Wednesday, April 16, 2014 1:07:40 PM

Post# of 72311
Ok, long post here so bear with me. Also, I'm not sure if most people already know what I am about to say or not.

When looking at the 10-K, it didn't seem like the convertible notes were the issue. Lots of companies have these, the amounts weren't too large (especially the Asher notes), and they had these notes in 2012 when the pps was higher. What caught my attention was the settlement with Tarpon Bay Partners LLC:

On December 20, 2013, the Company entered into a settlement agreement with Tarpon Bay Partners LLC (“Tarpon”) where by Tarpon acquired certain claims against the Company in the amount of $2,656,152. According to the agreement, the Company will issue a convertible note of $132,000, maturing in 6 months and convertible to the Company’s common stock at a 50% of the lowest closing bid price for the 20 days prior to the conversion.

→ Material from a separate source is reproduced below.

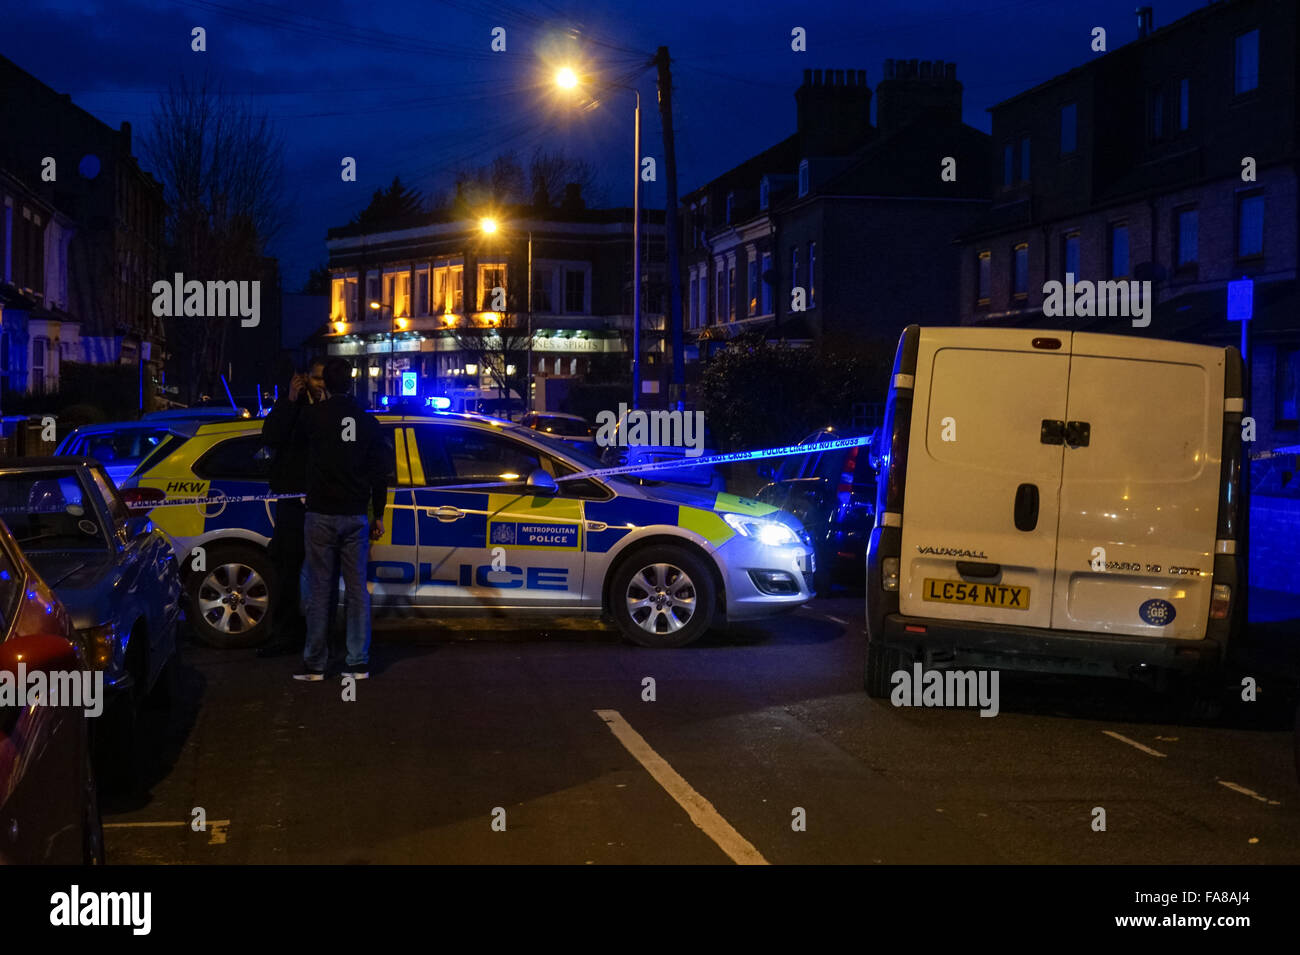 Les agents de police fixent la scène du crime après un poignard à Langthorne Road et North Birkbeck Road à Londres, Angleterre Royaume-Uni UK Banque D'Images

Pursuant to the agreement, the Company and Tarpon submitted the settlement agreement to the Circuit Court of the Second Judicial Circuit, Leon County, Florida for a hearing on the fairness of the agreement and the exemption from registration under the Securities Act of 1933 for the shares that will be issued to Tarpon for resale (“Settlement Shares”). 75% of the proceeds less all applicable fees and charges from the resale of the Settlement Shares will be remitted to the original claim holders of the Company (“Remittance Amount”). The Company agreed to issue sufficient shares to generate proceeds such that the aggregate Remittance Amount equals $2,656,152. On January 27, 2014, the court granted an approval of the settlement agreement. On February 20, 2014 and March 6, 2014, the Company issued Tarpon 3,740,000 and 4,190,000 shares of its common stock, respectively.

Thus this was a large part of the dilution in January and February (and likely March). At first I thought this settlement was a court settlement (as in ELRA got sued), so I did some digging. Tarpon is a limited liability company, and ELRA has entered an agreement with them to reduce their debt. This can be a good thing. Tarpon has recently (in 2014) involved with several stocks performing a similar act (ENTB, BRND, HBRM, STLK), and 2 of these stocks are green today.

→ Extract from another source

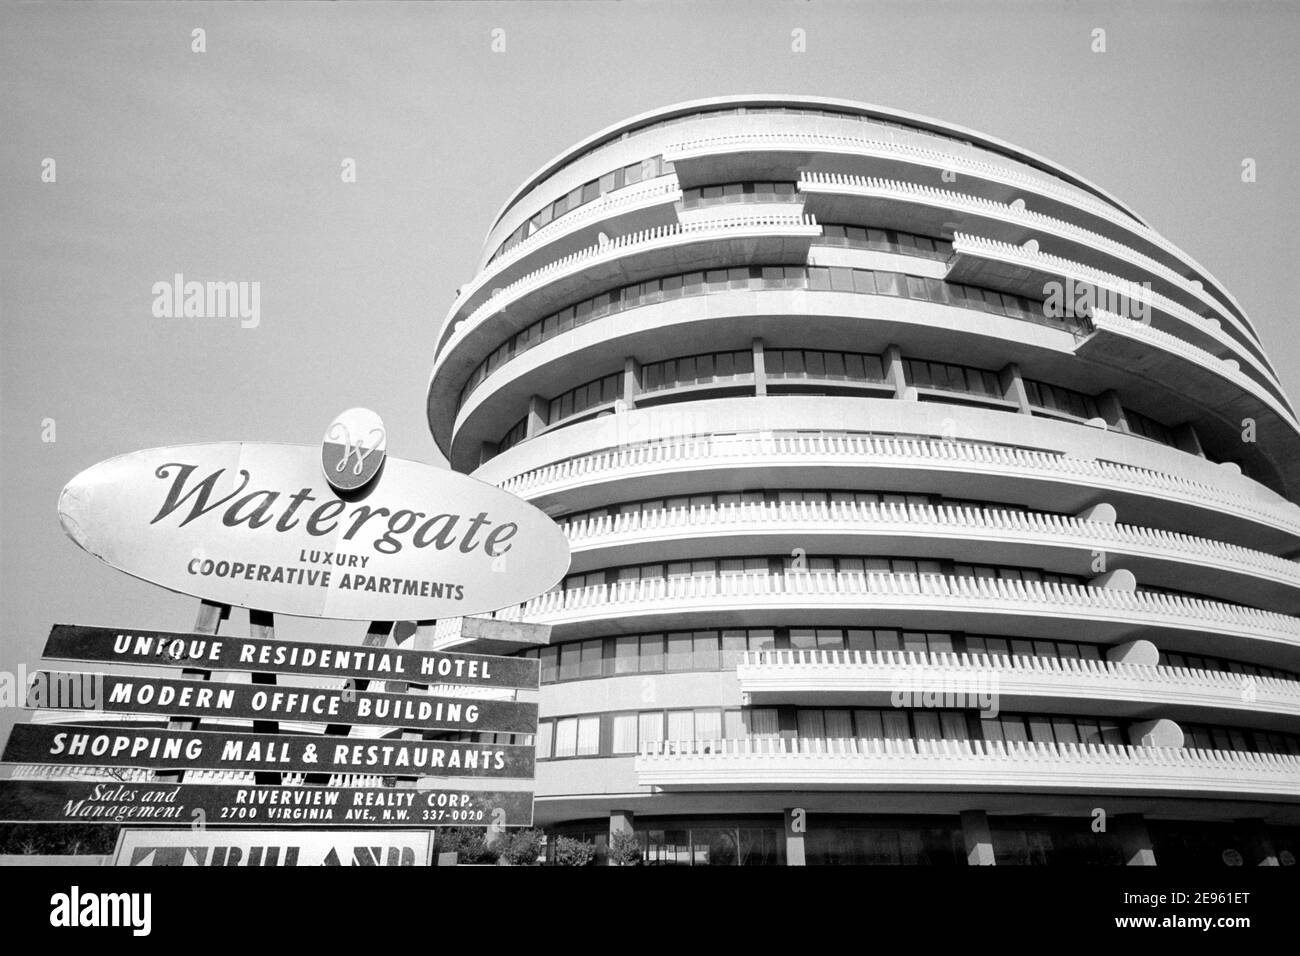 Watergate Complex, Foggy Bottom, Washington, D.C., États-Unis, Marion S. Trikosko, 26 novembre 1965 Banque D'Images

Here is how one company dealt with this issue. With the following PR:


finance.yahoo.com/news/stl-marketing-group-inc-otcqb-055400866.html

Here's an excerpt for the CEO:

"We are pleased to have this process underway, as this exchange does reduce our third party debt by approximately 90%. We understand this may be dilutive, however, we believe this significant reduction of debt will allow the Company the flexibility to raise the necessary funds and apply those funds to ensuring the execution of its business plan and maintain operations. This is an important step for the Company and its shareholders,"

So I believe the main dilutive issue for ELRA has been it's settlement with Tarpon, however, it may be a good thing. And a proper PR (such as above) would have notified shareholders, and we might not be in the situation we currently are in.